Змеиное море — страница 48 из 74

Видимо, решив не следовать этому совету, Дрейф затих. Он отошел, прислонился к стене, сложил руки и стал злобно сверлить Луна взглядом.

Эсом и Карсис сидели не шевелясь и старались делать вид, что вовсе не напряжены до предела. Заставлять их находиться в одной комнате с Дрейфом дольше необходимого было жестоко, но за ними нужно было следить. Лун кивком указал на закуток в другой стороне комнаты. Там находилась еще одна скамья и было место на полу, где можно было улечься. Брат с сестрой тоже провели всю ночь без сна и наверняка устали. Лун сказал:

– Можете пойти туда и отдохнуть, если хотите. Звон, у тебя есть лишние одеяла?

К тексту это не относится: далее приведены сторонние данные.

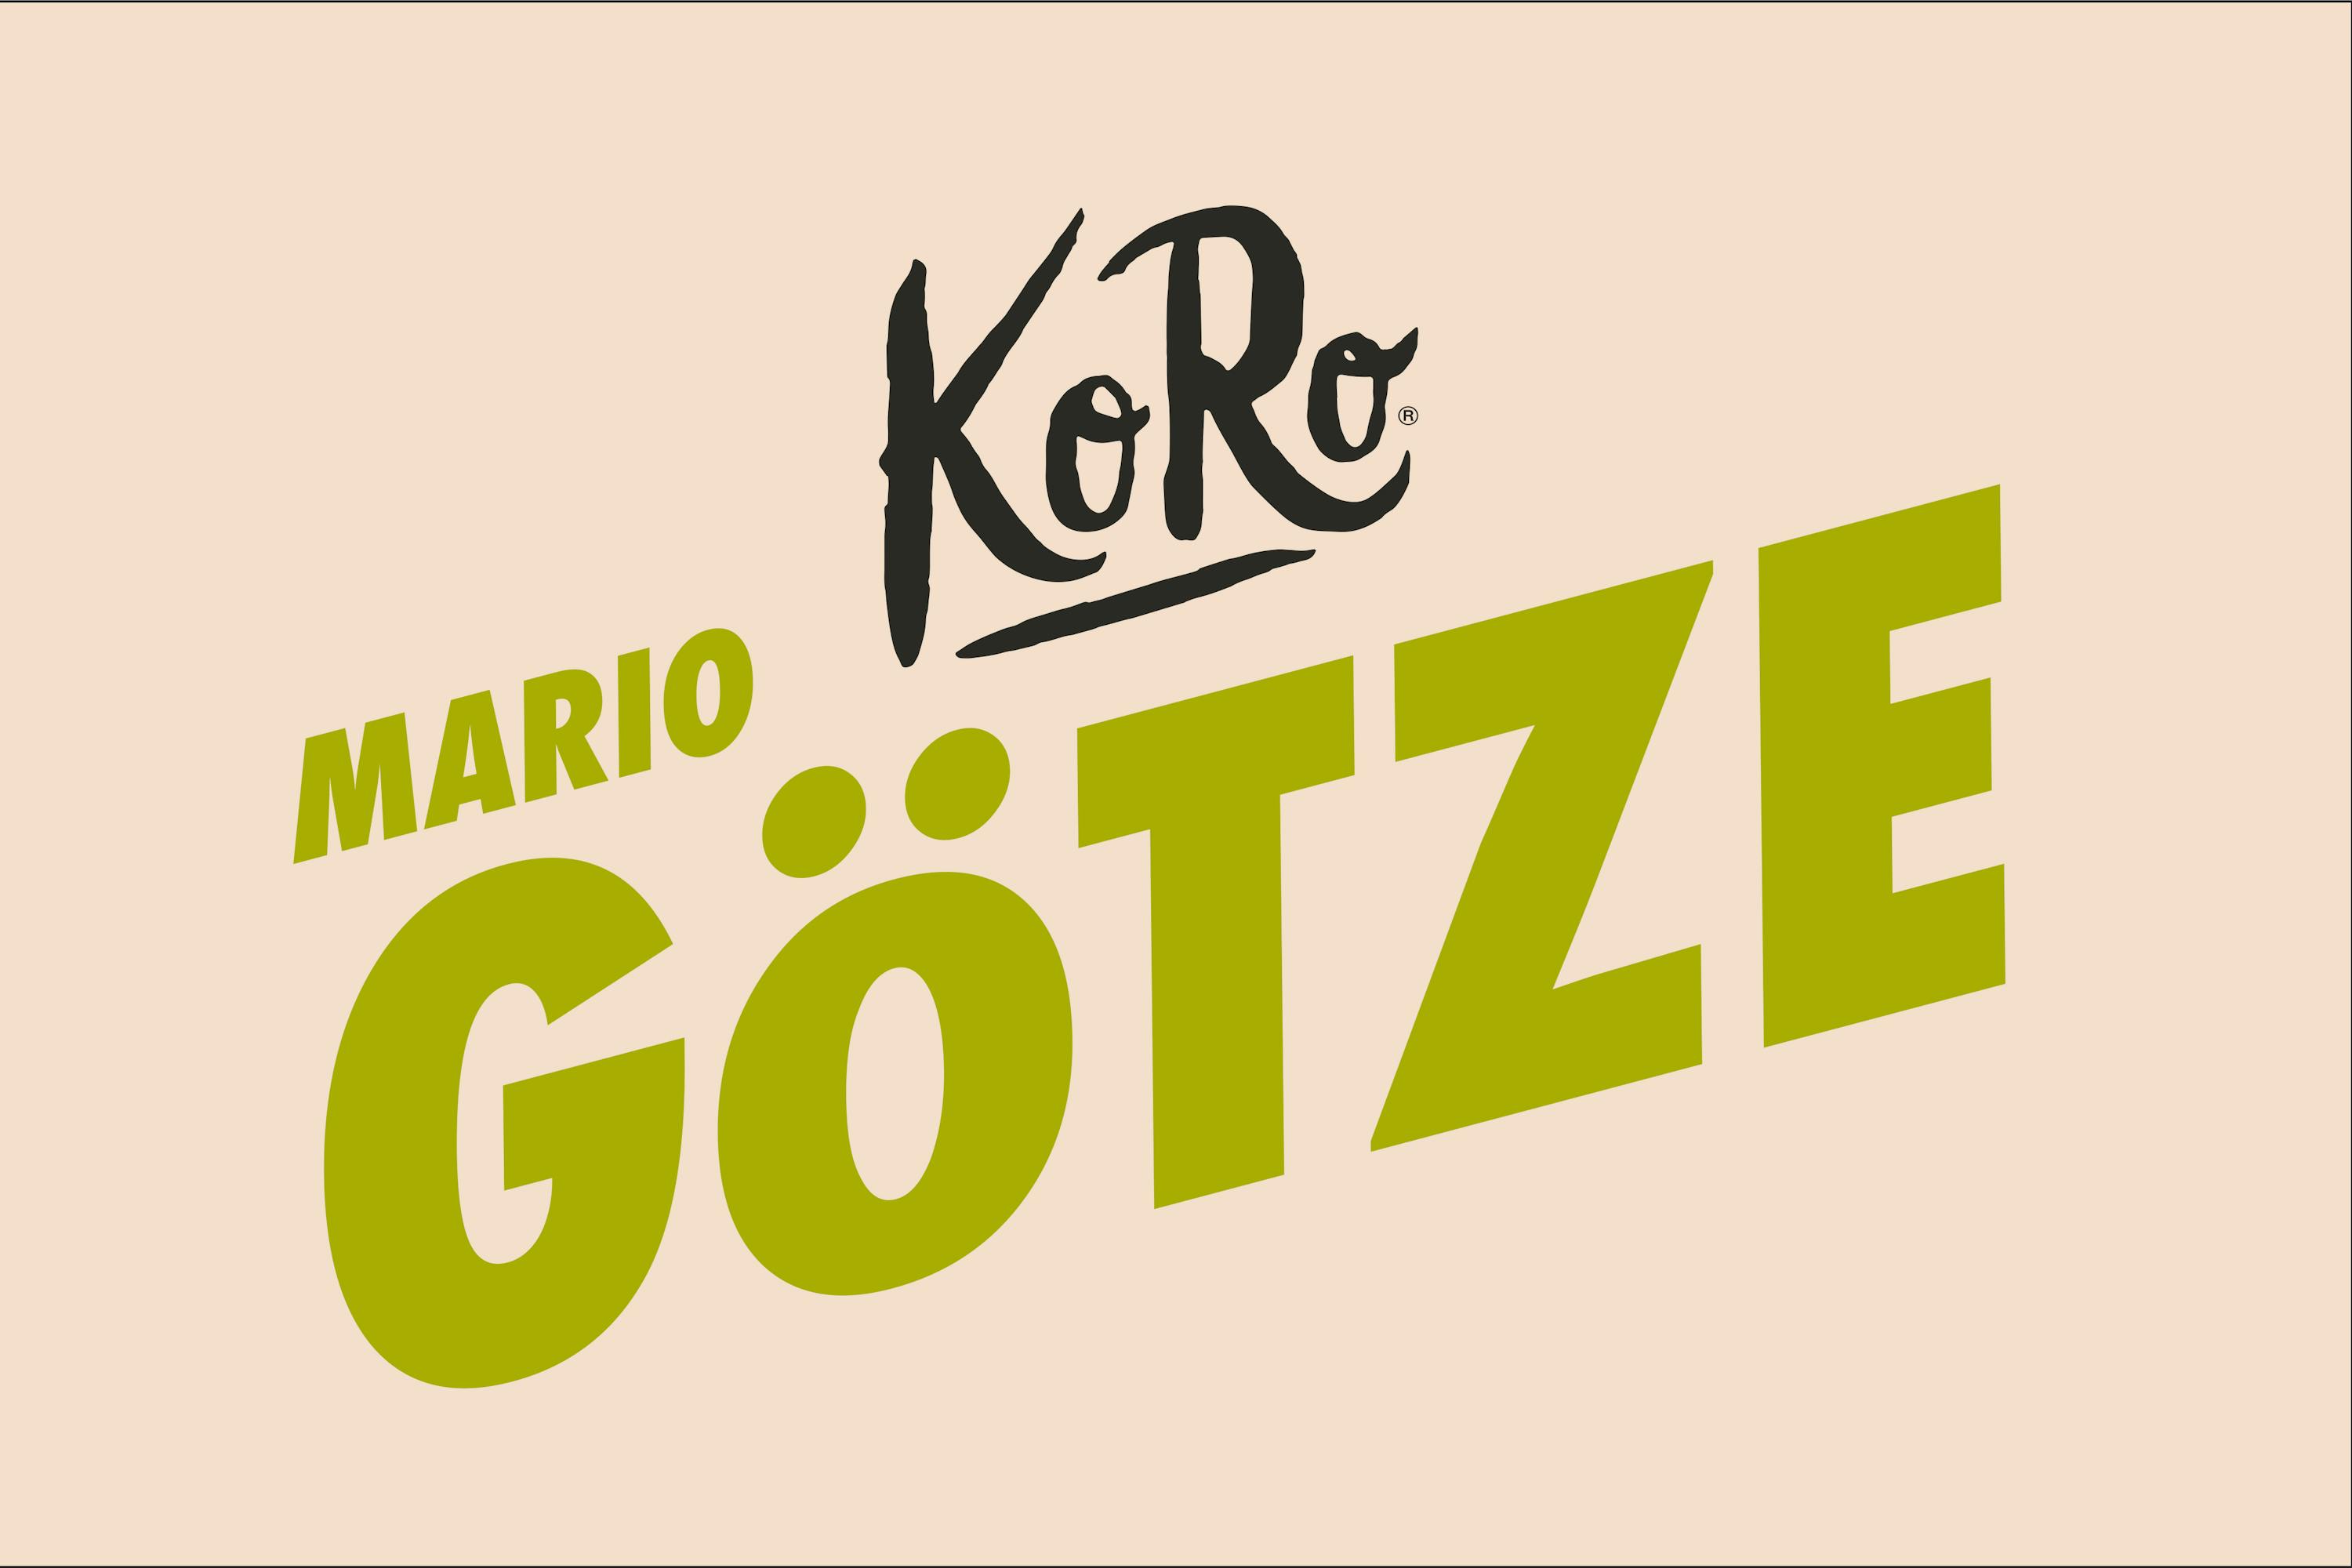 KoRo x Mario Götze: This pistachio wafer kicks differently

Звон повернулся к одному из походных мешков, лежавших у стены.

– Да, сейчас найду. А еще есть немного воды и, кажется, несколько сушеных фруктов и корешков, которые они могут съесть.

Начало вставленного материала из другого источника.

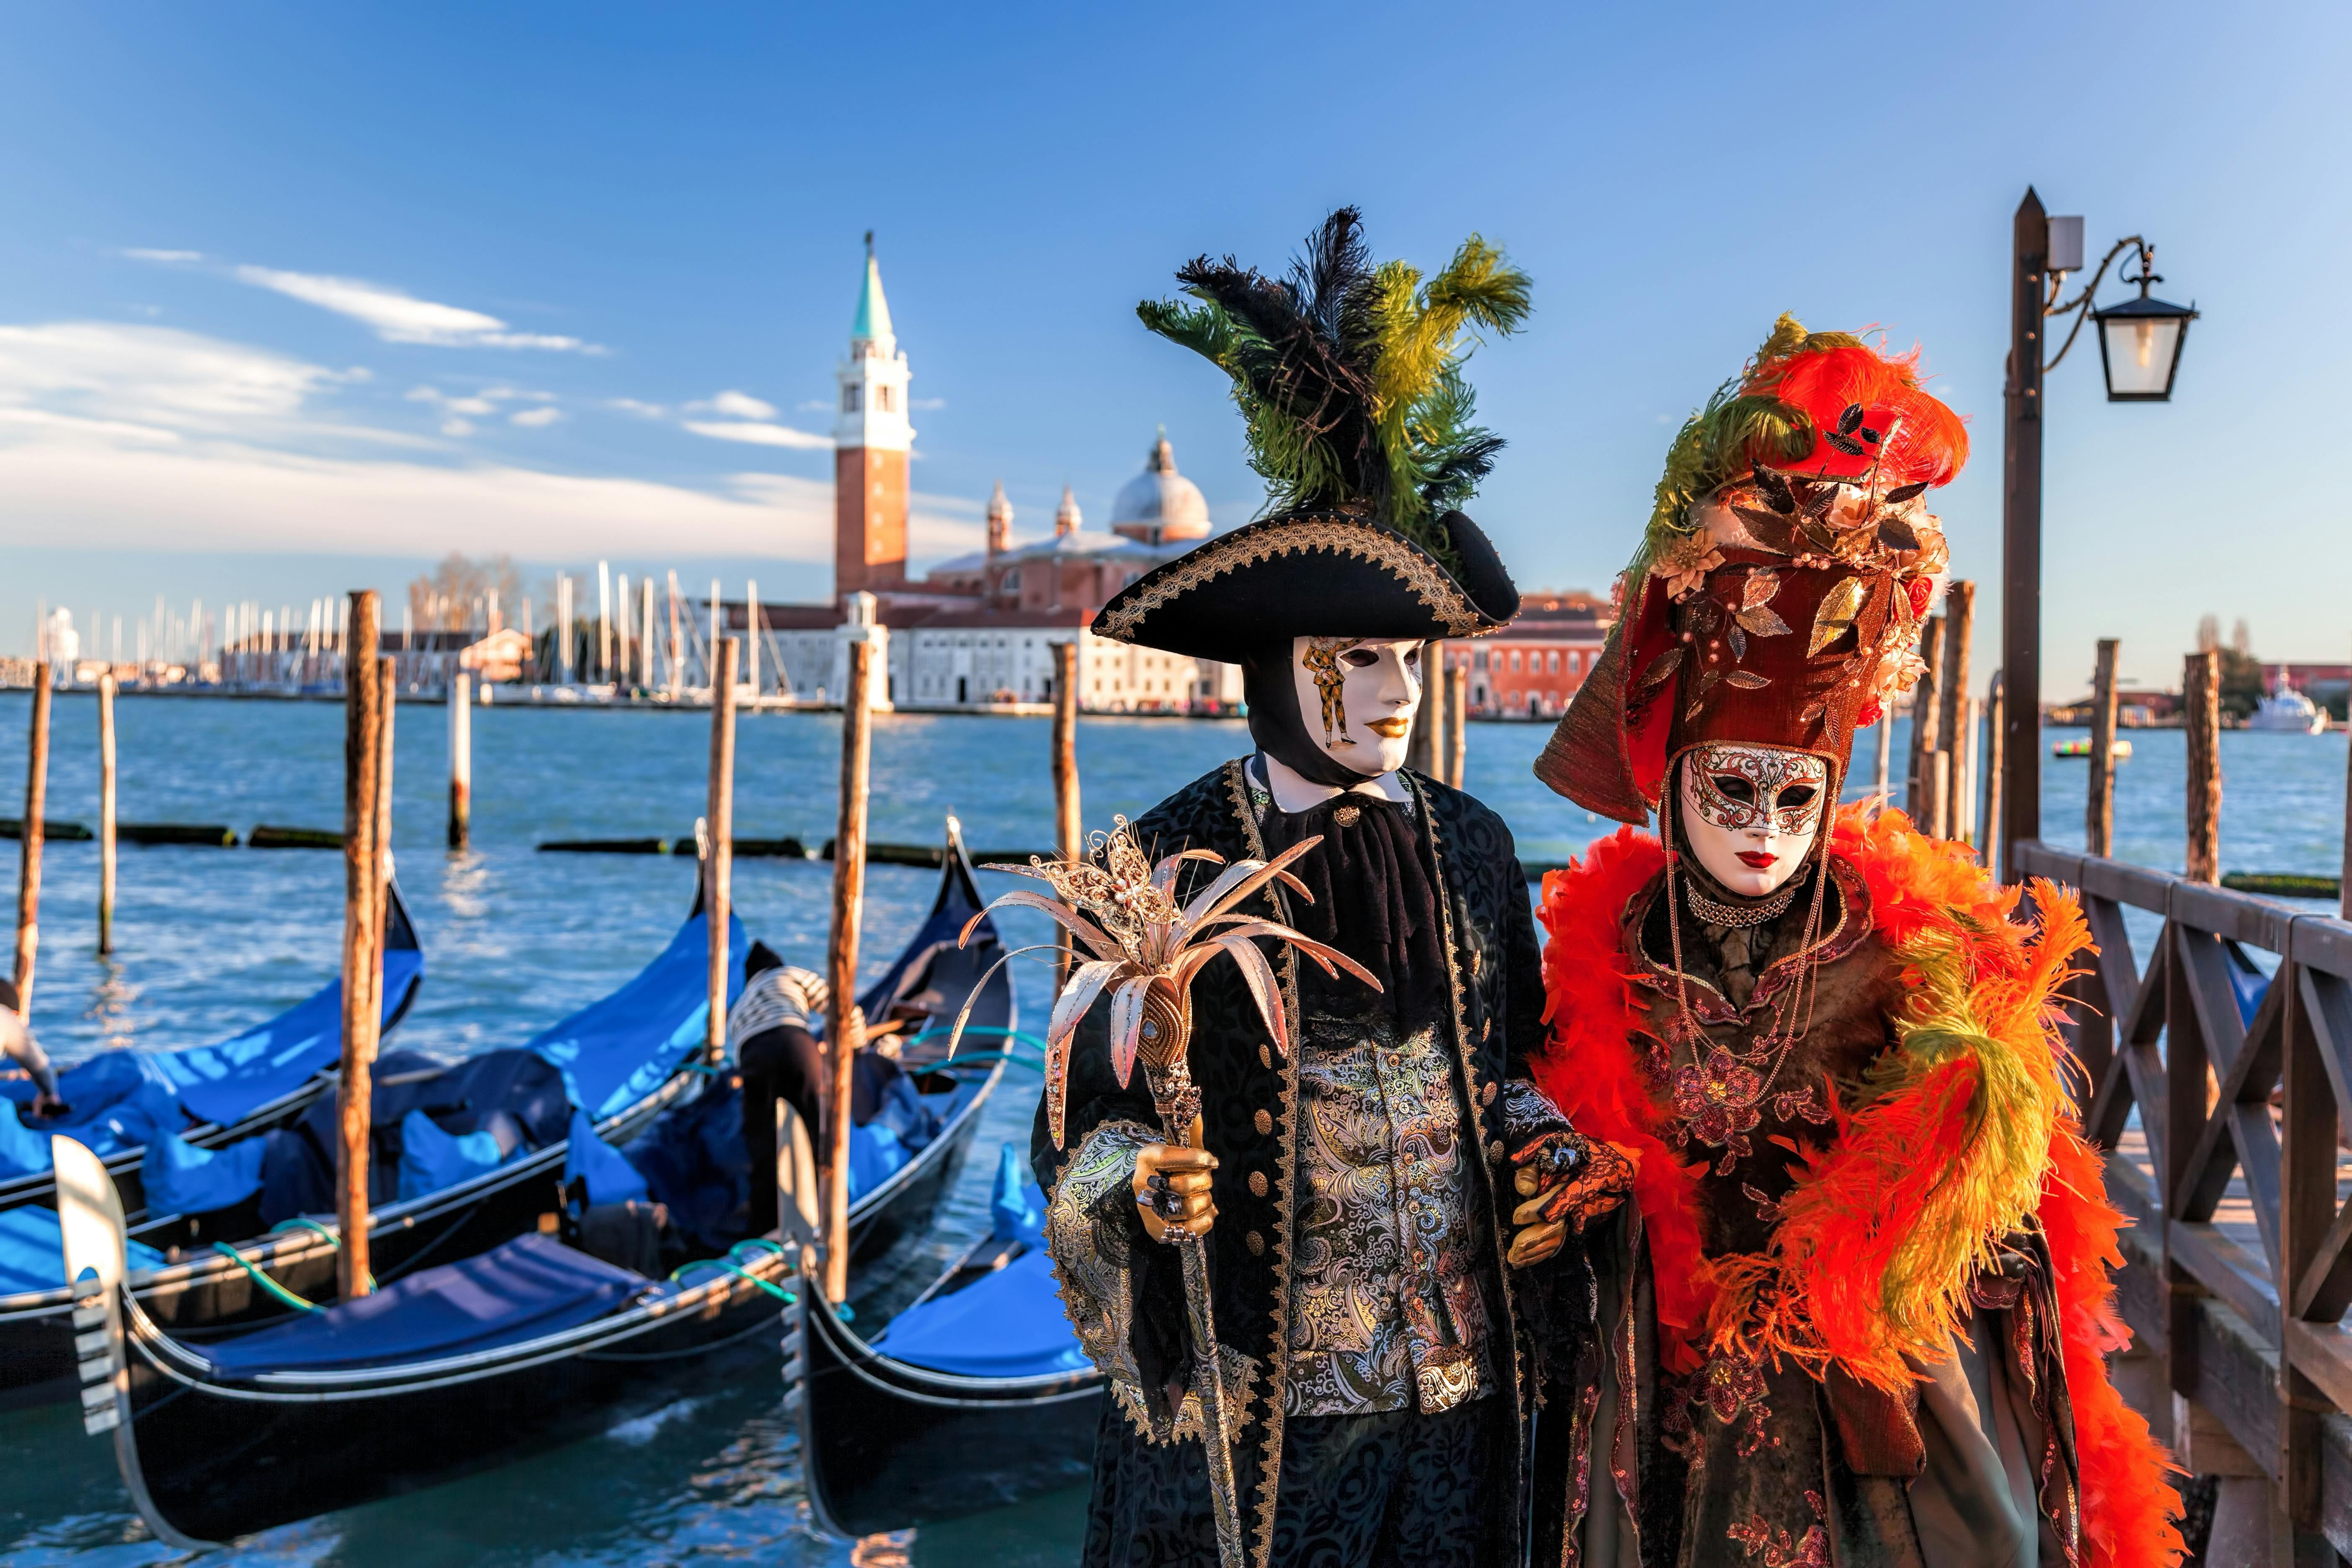 Dekorationskurs zum Bemalen Ihrer eigenen venezianische Karnevalsmaske

Чуть расслабившись, Карсис сказала:

– Спасибо. – И Эсом все так же скованно кивнул.

Лун подошел к Расколу, сидевшему на корточках в противоположном углу, и присел рядом с ним. Раскол настороженно смотрел на него, напрягшись всем телом. Оказавшись так близко, Лун ощутил запах страха, выделявшийся с его потом. Он сказал:

– Они тебя не убьют.

Плечи Раскола обмякли, и он на миг прикрыл глаза. Послышалось что-то среднее между всхлипом и резким смешком, и воин снова посмотрел на Луна.

– Твоя королева делает все, что ты захочешь?

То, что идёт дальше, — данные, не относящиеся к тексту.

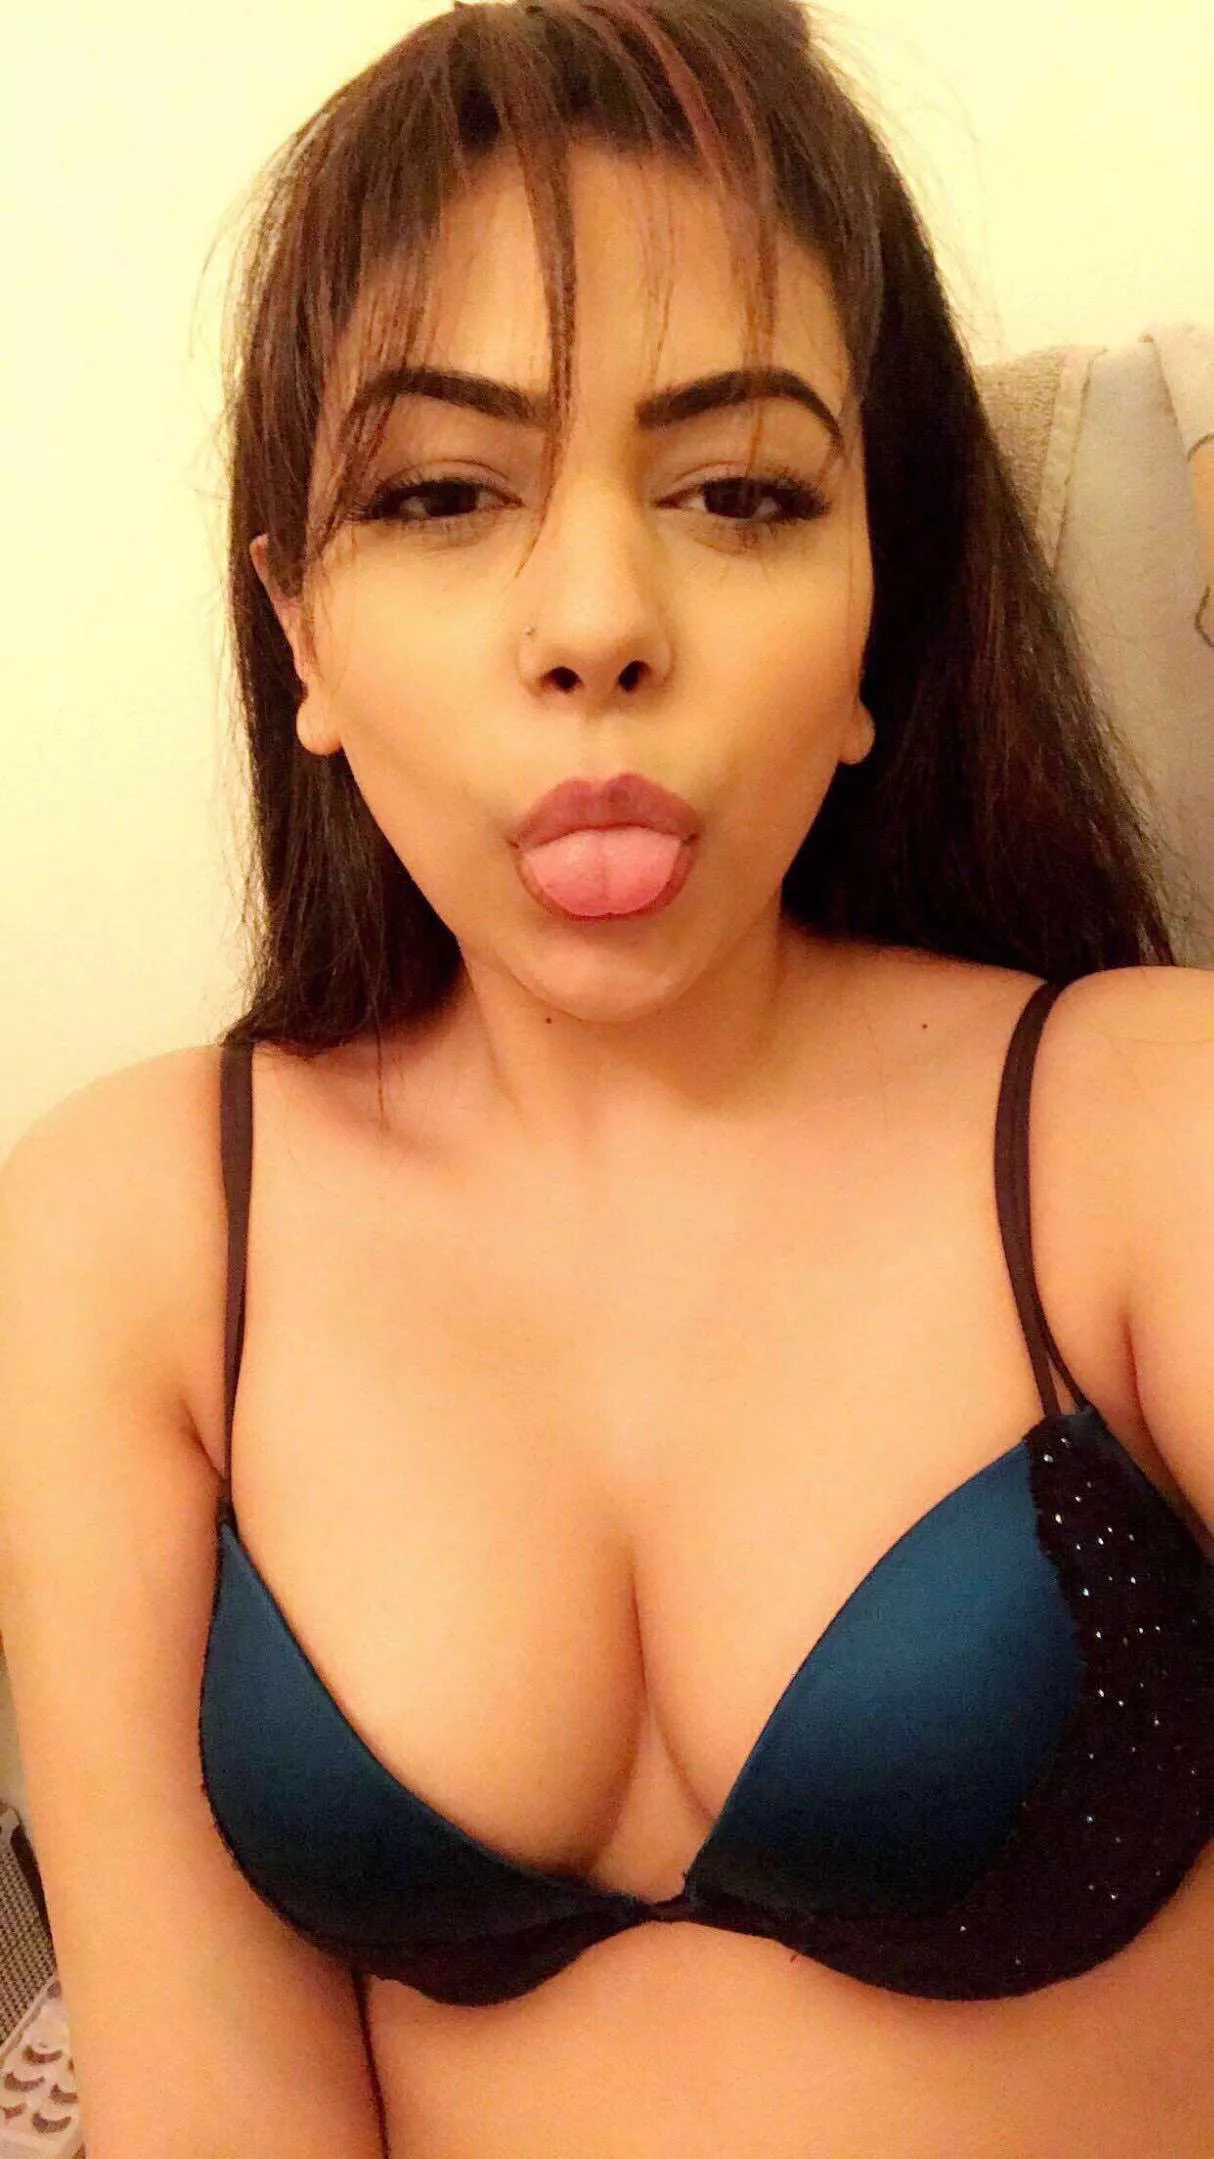 galleries busty bra cleavage selfie

Лун сурово посмотрел на него, пока Раскол не опустил глаза.

– Прости, – пробормотал воин. – Я не хотел… Консорты при моем дворе были не такими, как ты.

Тут он, пожалуй, не ошибался.

– Ардан думал, что я здесь один? – Вчера Лун сказал магистру, что его ждут друзья, но он надеялся, что Ардан принял это за ложь, за часть личины торговца, которой прикрывался Лун.

Раскол покачал головой.

– Я не знаю. Он даже не сказал мне, что у него появился еще один гость.

Лун вздохнул. Он не думал, что Раскол лжет. Воин был искренне потрясен, увидев другого раксура.

– Ардан много знает о раксура? Когда он увидел, как я переменился, он мог понять, что я консорт? И что консорт не прилетел бы сюда в одиночку?

Раскол нахмурил брови, задумавшись.

– Он знает о консортах, но… Мне кажется, он до конца не понимает, что это значит, и не сообразит, что ты не отправился бы в путь один. – Раскол заколебался и неуверенно посмотрел на Луна. – Почему они отправили в башню тебя? Почему не кого-нибудь из воинов?

Лун отстранился.

– Я хорошо знаком с повадками земных обитателей. А остальные нет. – Он был не готов объяснять больше. Раскол уже и так держал его за живое, и подробности ему было знать необязательно. Лун спросил в ответ: – Что ты такого натворил, за что тебя вышвырнули из двора?

Настал черед Раскола отшатнуться. Немного помолчав, он сказал:

– Королевы меня недолюбливали.

Секундное колебание, промелькнувшее во взгляде Раскола, подсказало Луну, что это ложь. И если бы за такое отправляли в изгнание, то половина Тумана Индиго уже скиталась бы по Трем Мирам в одиночку.

– Ты из королевского выводка?

На лице Раскола промелькнуло удивление и негодование.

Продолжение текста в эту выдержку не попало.